Benefits of Early Treatment in Patients With High-Risk Smoldering Myleoma

According to results from a randomized, open-label, phase III trial, early treatment with lenalidomide (Revlimid, Celgene) and dexamethasone significantly delayed progression to symptomatic disease and prolonged survival with a good safety profile in patients with high-risk smoldering myeloma. In their study, which was published in the August issue of The New England Journal of Medicine, San-Miguel and colleagues focused on high-risk patients, who have a progression risk to symptomatic myeloma of 50% at 2 years. A total of 119 patients with high-risk smoldering myeloma were randomized to receive early treatment (n=57) or observation (n=62). Early treatment consisted of induction therapy with lenalidomide and dexamethasone followed by maintenance therapy with lenalidomide. At a median follow-up of 40 months, the median progression-free survival had not yet been reached in patients assigned to treatment and was 21 months in patients assigned to observation (P<.001). Among patients who received treatment, only 23% progressed to symptomatic disease compared with 76% of those assigned observation. Among patients assigned to treatment, 79% responded with a partial response or better during the induction phase; 90% had a partial response or better during the maintenance phase. At 3 years, 94% of patients assigned to treatment were alive, compared with 80% of patients in the observation group (P=.03). The investigators concluded that, if further validated, the results of this trial could change the current treatment paradigm for smoldering myeloma patients. 

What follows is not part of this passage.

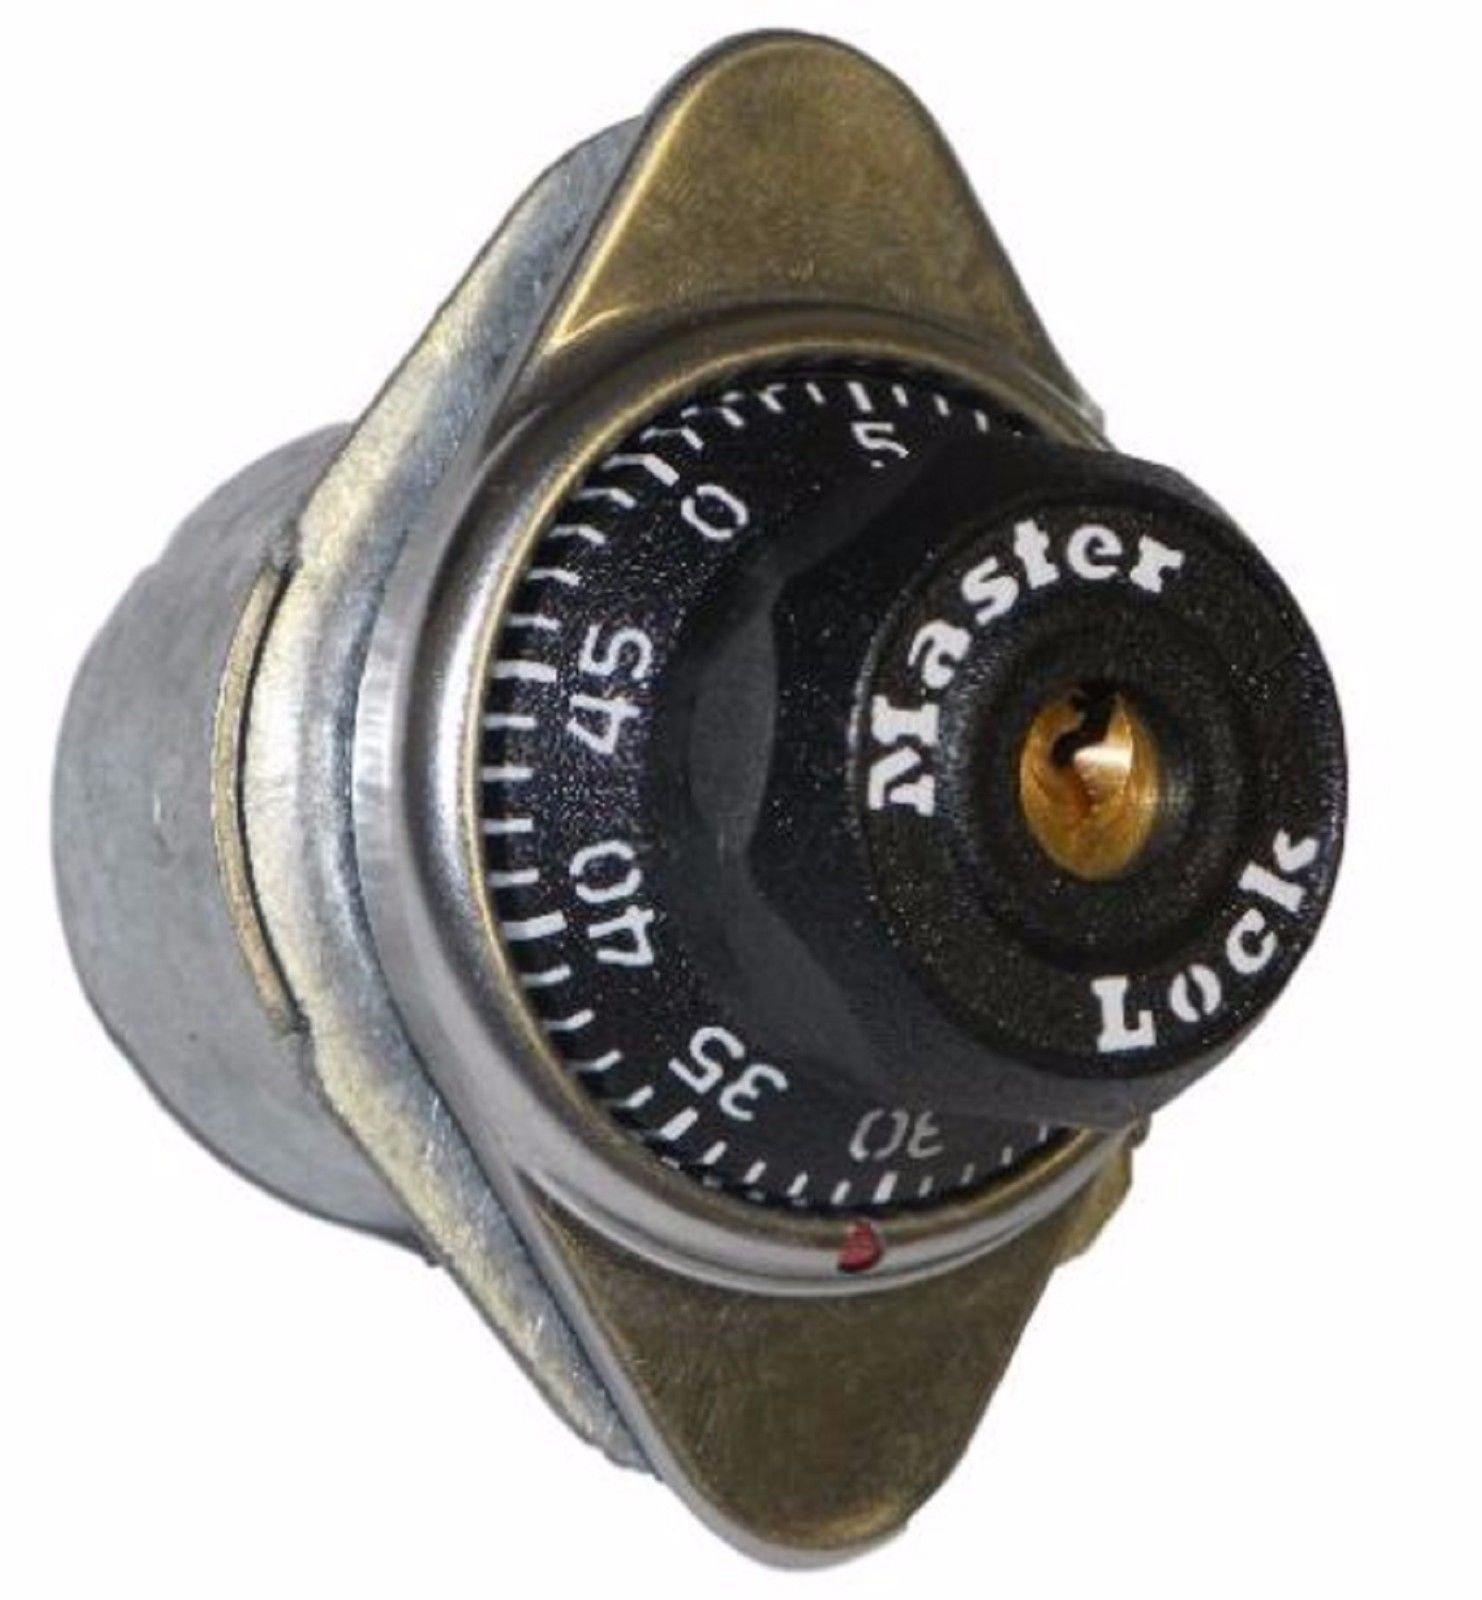 Master Lock 1654 Locker Lock. . Built-In Combination Lock. Automatic Horizontal Spring Bolt for Box Lockers. Right Hand. PLASTIC DIAL

Afatinib Approved for Use in Advanced NSCLC

On July 12, the US Food and Drug Administration (FDA) announced its approval of afatinib (Gilotrif, Boehringer Ingelheim) for the treatment of patients with metastatic non–small-cell lung cancer (NSCLC) whose tumors test positive for epidermal growth factor receptor (EGFR) mutations. Concurrent with this action, the FDA approved the TheraScreen polymerase chain reaction-based test for the detection of EGFR exon 19 deletions or exon 21 (L858R) substitution mutations. Approval was based on results from the the LUX-Lung 3 trial, which compared afatinib with cisplatin and pemetrexed in the first-line setting of 345 treatment-naïve patients with advanced adenocarcinoma of the lung harboring EGFR mutations.Aftatinib demonstrated superiority with respect to response rate and PFS, and these benefits were even more pronounced in patients whose tumors harbored activating mutations in exons 19 and 21. The median progression-free survival was 11.1 months in the afatinib arm and 6.9 months in the chemotherapy arm. Objective response rates were 50.4% and 19.1% in the afatinib and chemotherapy arms, respectively. No statistically significant difference in overall survival between the 2 arms was demonstrated. In patients whose tumors had exon 19 deletions or exon 21 (L858R) substitution mutations, the median progression-free survival was 13.6 months in the afatinib arm and 6.9 months in the chemotherapy arm.